Search Down Memory Lane

Was reading John Battelle’s excellent book The Search (which I’ll blog about when I finish it) and was suddenly sent hurtling down Memory Lane. John writes about the distant antecedents of today’s search engines:

“Enter Gerard Salton, a Harvard- and Cornell- based mathematician often called the father of digital search. Salton was fascinated by the problem of digital information retrieval, and in the late 1960s developed SMART – Salton’s Magic Automatic Retriever of Text – or what might be considered the first digital search engine. Salton introduced many of the seminal concepts commonly used in search today, including concept identification based on statistical weighting, and relevance algorithms based on feedback from queries…”
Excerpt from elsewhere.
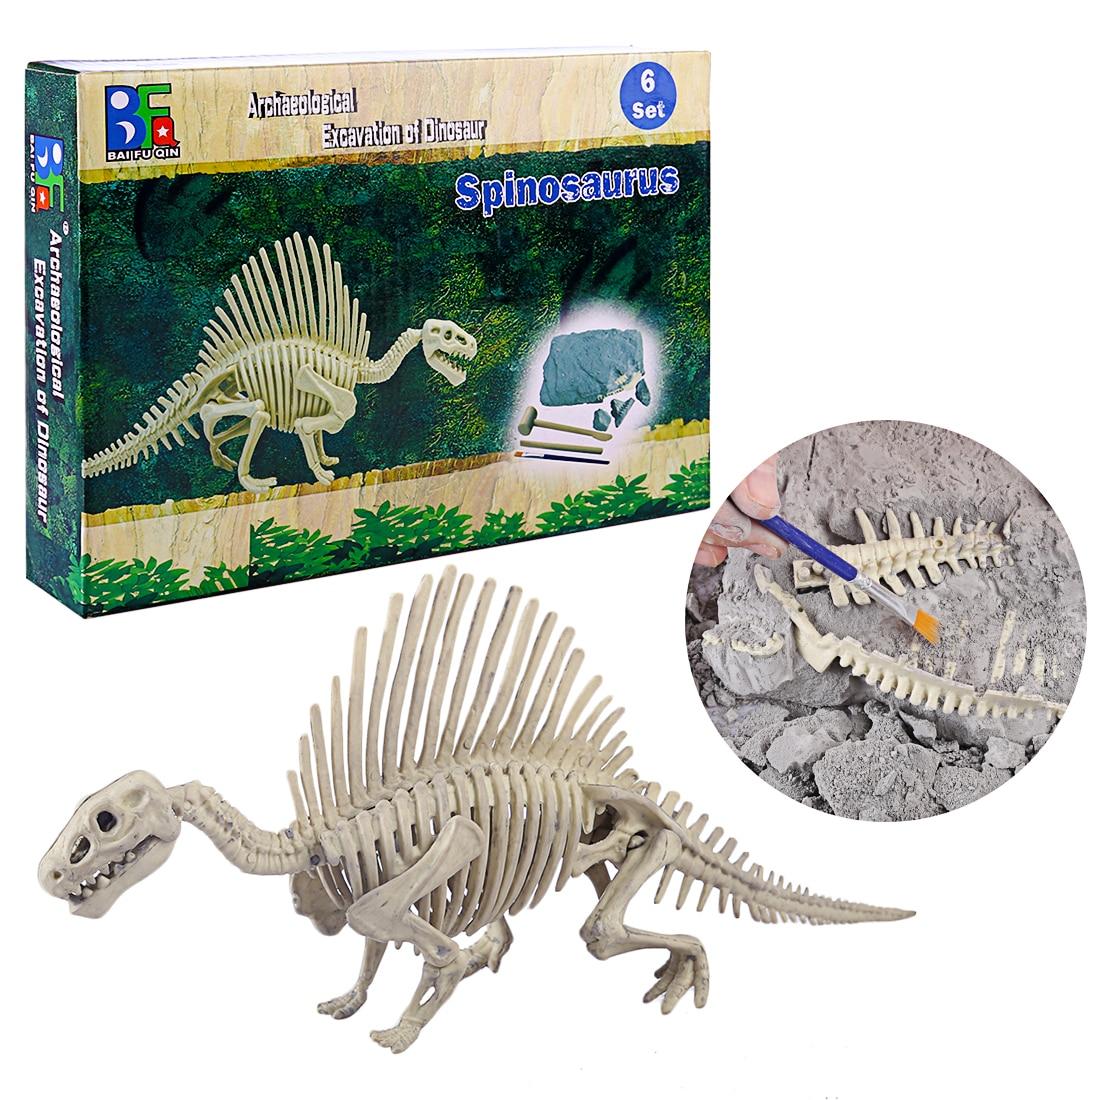 Children Creative Educational Dinosaur Archaeology Excavation Toys - Spinosaurus  Ceratosaurus

In the early 1960s I was an American History and Literature major at Harvard looking for a better way to earn tuition than bar-tending, snow shoveling and vacuuming – all of which I was doing. I learned how to program – that’s another story – and, during my junior and senior years and the summer in between, worked for the late Gerry Salton on the NSF-funded SMART project. I was the project manager in my senior year and wrote lots and lots of code, mostly in FORTAN and IBM 7090 Assembler. Even wrote some of the published reports to the NSF – last time I was listed as the author of a book before hackoff.com.

Salton planned the SMART project to compare various methods of information retrieval. We weren’t searching the Web then, of course; we were searching abstracts of scientific papers. We had a bunch of them in machine-readable format because paper tape had just come into use to control linotype machines and we could get the paper tape converted to magnetic tape which the 7090 could read. Our searches weren’t a practical way to find information both because we had a very small library of machine-readable documents and because each search involved passing the documents on tape through the computer – we had no disk drives. But our grant was for comparing algorithms looking forward to the day when it would actually be feasible to use some of them.

The “seminal concepts” that Salton invented (or at least popularized) included using precision and recall as measurements of the efficacy of an information retrieval algorithm. Precision is the percentage you get when you divide the number of relevant documents retrieved by the total number of documents retrieved. Recall is the percentage of all documents relevant to the query which are actually found in the particular search. For any particular search algorithm, these two measurements usually trade-off against each other. At the extreme, if a search always returns all the documents in the collection, it will have 100% recall but lousy precision. If it always returns one relevant document, it will have good precision but poor recall assuming there are many relevant documents.

So, if algorithm A has BOTH better precision AND better recall than algorithm B (and doesn’t use inordinately more computing time), then algorithm A is the better algorithm. Next contender, please. It was our job to build the platform for testing algorithms and then program the algorithms to be tested.

We were very surprised by the results we got. Everybody assumed that the best results would be obtained by algorithms which made an attempt at understanding English syntax. (which is very hard to do). WRONG! Turns out that syntax was a waste of time; all that matters is semantics – the actual words used in the query and the documents – not how they relate to each other in a sentence. Sometimes it was (and still is) useful to search for phrases as if they were words. But you get that just by observing word order or how close words are to each other – not trying to parse sentences.

So, after a while, we not only ignored syntax but also stripped off all the “ed”s and “ing”s and “s”s which identify parts of speech so that we could simply correlate what we called “word stems”. Ignoring syntax means that you do exactly the wrong thing when someone queries: “I want to know about all the indigenous people in Alaska except Aleuts”. Without syntax, you judge documents with the word “Aleut” to be a closer match to the query than documents without. That’s why even modern search engines implement “Exclude” as one of those advanced functions (which no one ever uses). Semantics rule!

We keypunched all our programs on 80 column cards, then bound the decks in rubber bands and submitted them for execution. They came back many hours later. Three turn-arounds in a 24-hour nerd day was doing good. Time on the 7090, which was carefully tended in an air-conditioned room the size of a basketball court, went for about $1000/hour in the days when a grand was a lot of money. So we did a lot of desk checking.

Probably any PC which is in use today has more computing power than ALL of the computers that were in use in the early 1960s put together.

Note for fellow computer nerds: The IBM 7090 had 32,768 thirty-six bit words of memory (bytes weren’t invented until the IBM 360). Obviously, this memory was shared by both the executing program and the data it was operating on. Sometimes, to free up memory, we wrote the operating system out to the punch tape (the one with card images which would later be punched on the IBM 1401 which was an acolyte to the 7090). If the program crashed before it could reload the operating system, the operators had to reboot the 7090 from cards and the entire batch of jobs could be trashed. In theory you could be punished for this but we badly needed the memory.

Note for fellow math nerds: Don’t know how Google does this but, in our best semantic algorithms, we considered each document to be a point on the surface of an n-dimensional unit sphere. The coordinates of the point were defined by a vector consisting of the frequencies with which each word stem (or phrase) appeared in the document. The closer two documents were (and queries are just documents), the more likely they are to be related to each other. What we actually computed was the cosine of the angle between the two vectors. Fortunately, the 7090 had good floating point hardware.